_Supplied material_.
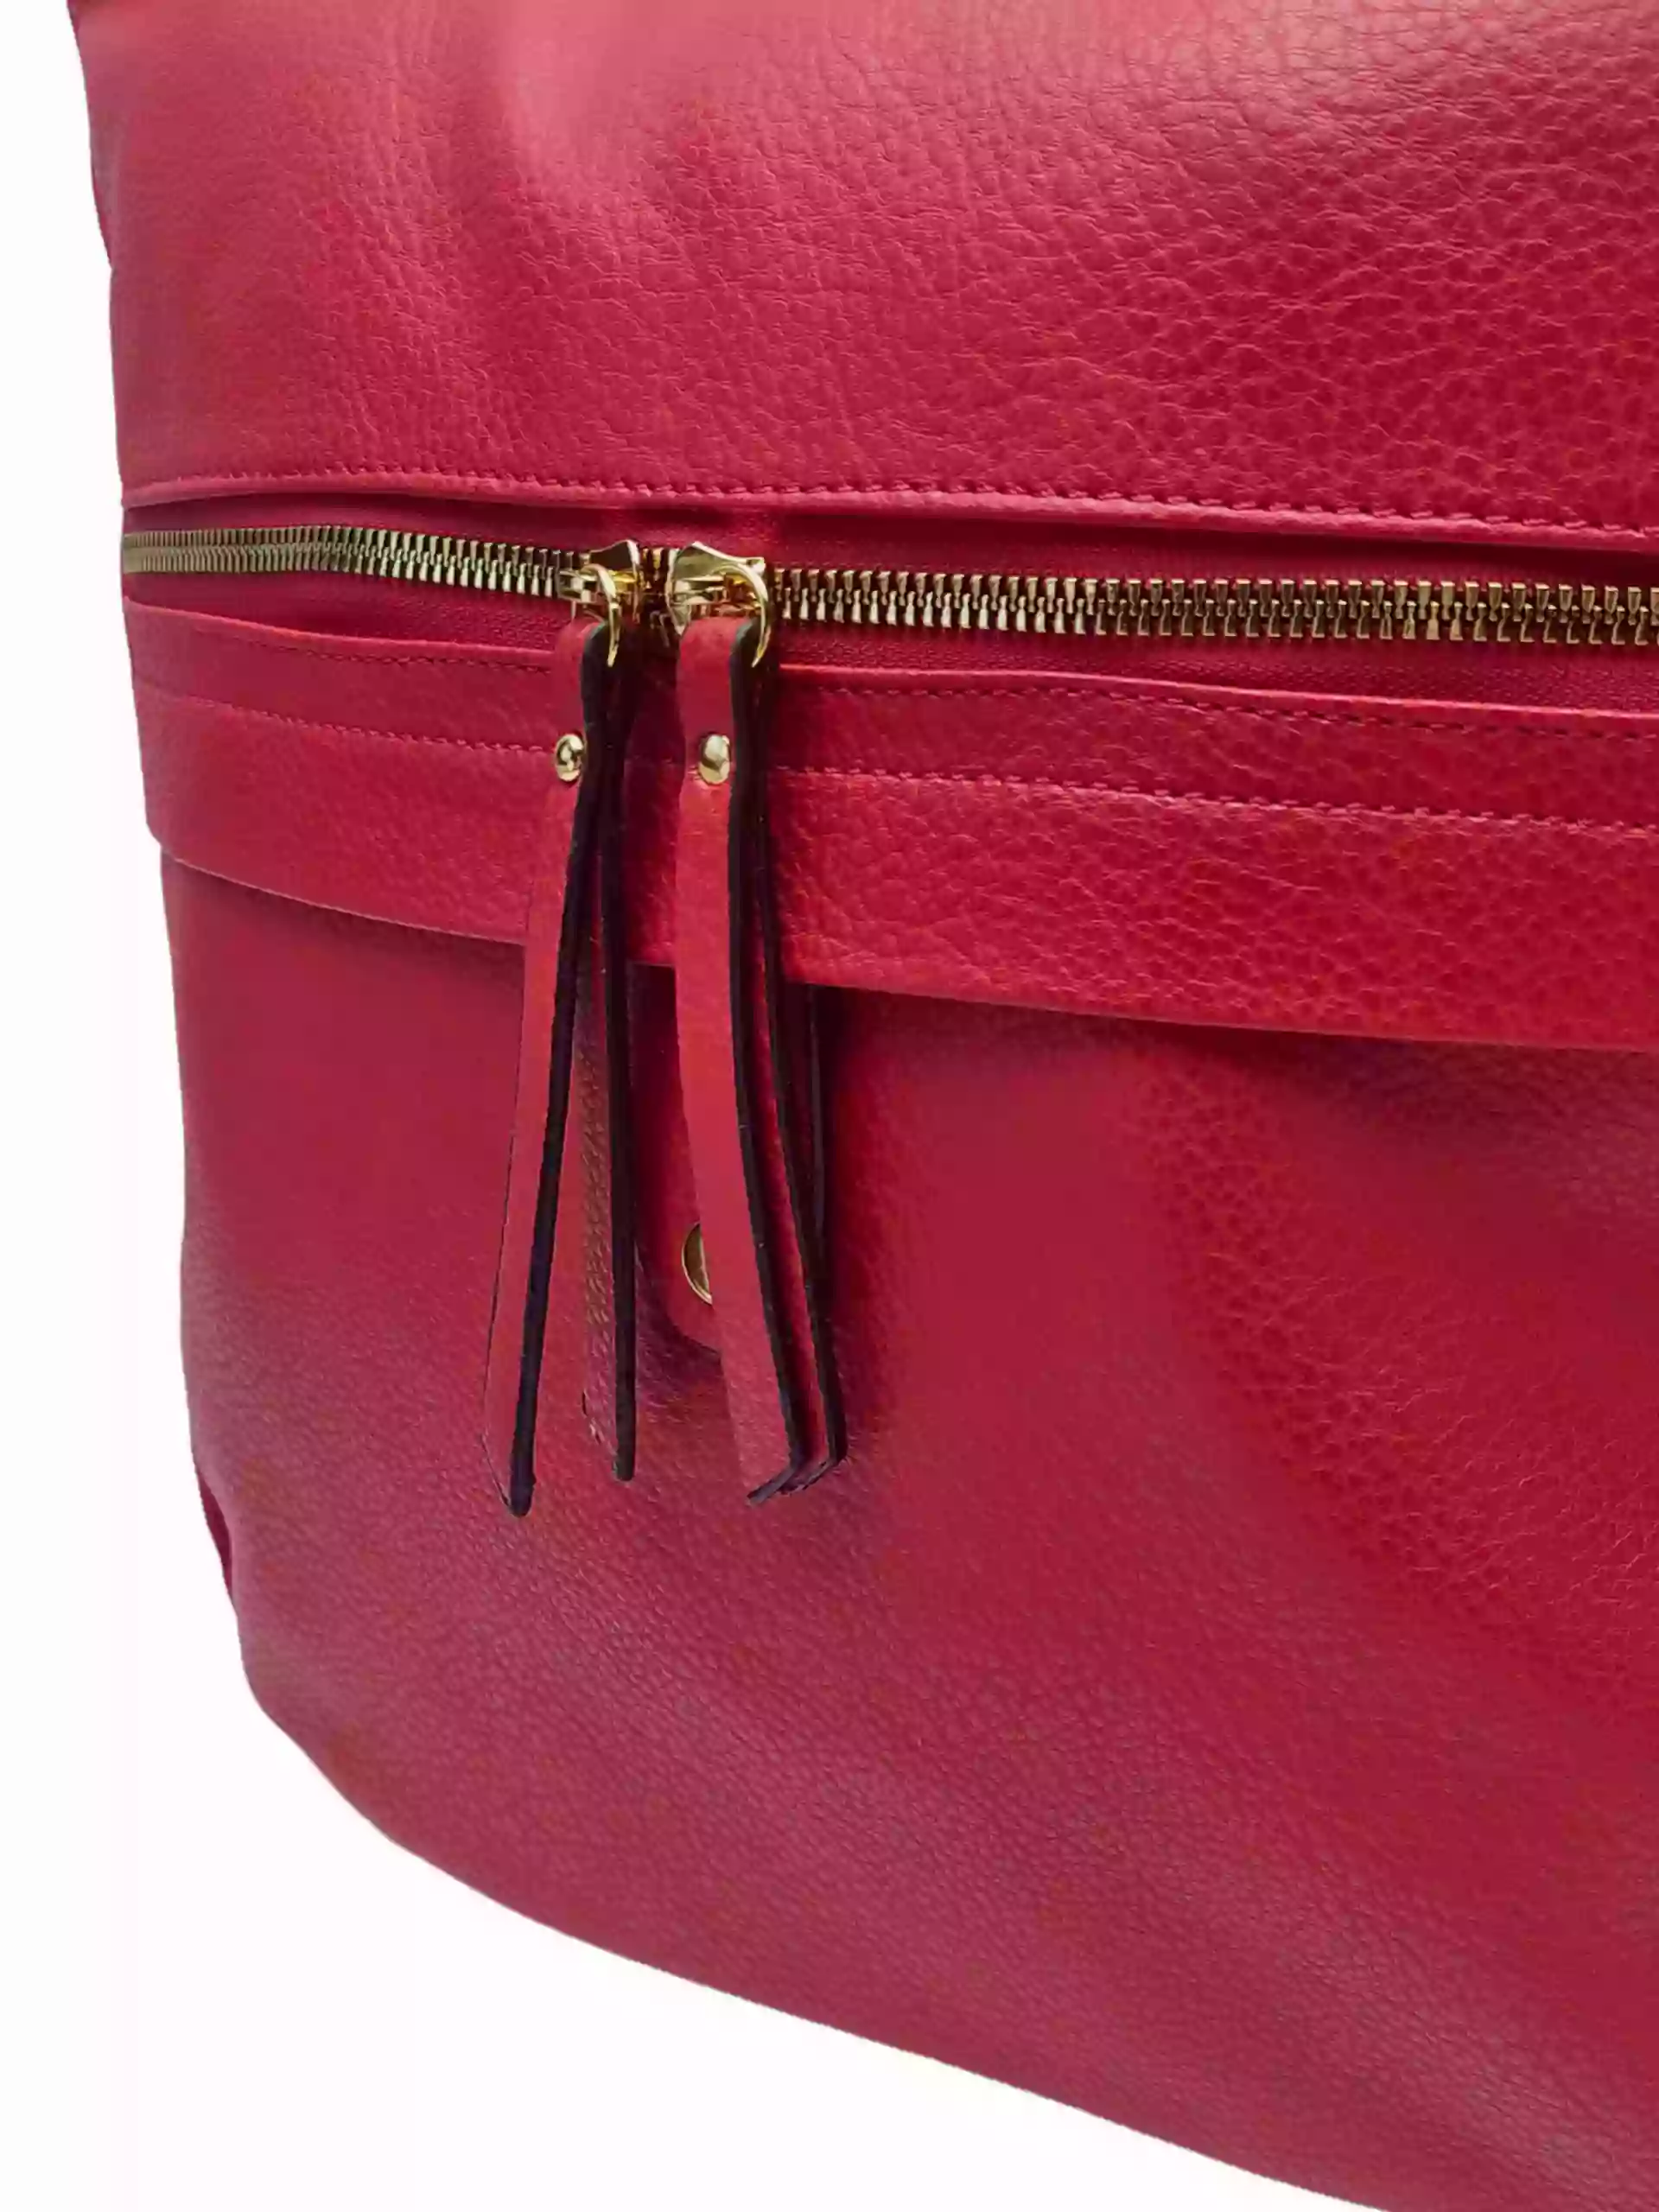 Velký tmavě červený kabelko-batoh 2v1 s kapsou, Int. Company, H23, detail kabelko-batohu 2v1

...

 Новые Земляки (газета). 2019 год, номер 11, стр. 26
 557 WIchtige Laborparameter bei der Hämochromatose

---

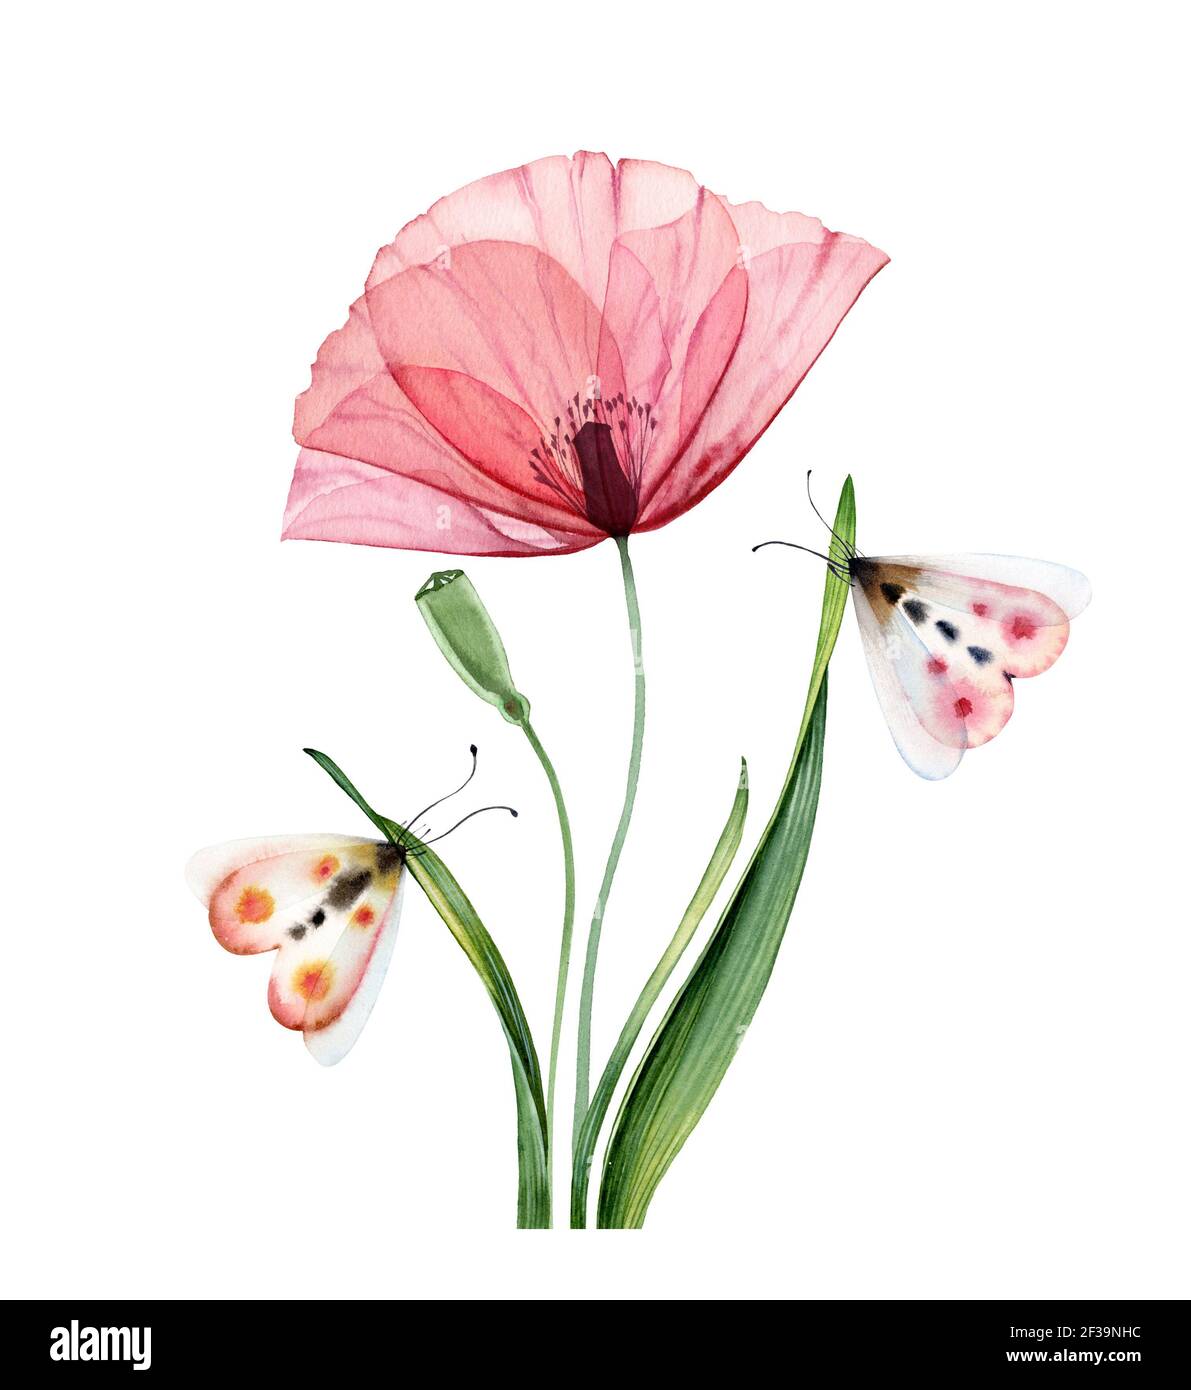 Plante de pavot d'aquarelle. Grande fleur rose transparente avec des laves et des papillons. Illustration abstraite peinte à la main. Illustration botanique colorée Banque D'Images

_What to work on_. Print exactly the lines above, between the one holding "Новые Земляки (газета)." and the one holding "557 WIchtige Laborparameter", inclusive, and nothing besides.

_Exercise solution_.
 Новые Земляки (газета). 2019 год, номер 11, стр. 26
 557 WIchtige Laborparameter bei der Hämochromatose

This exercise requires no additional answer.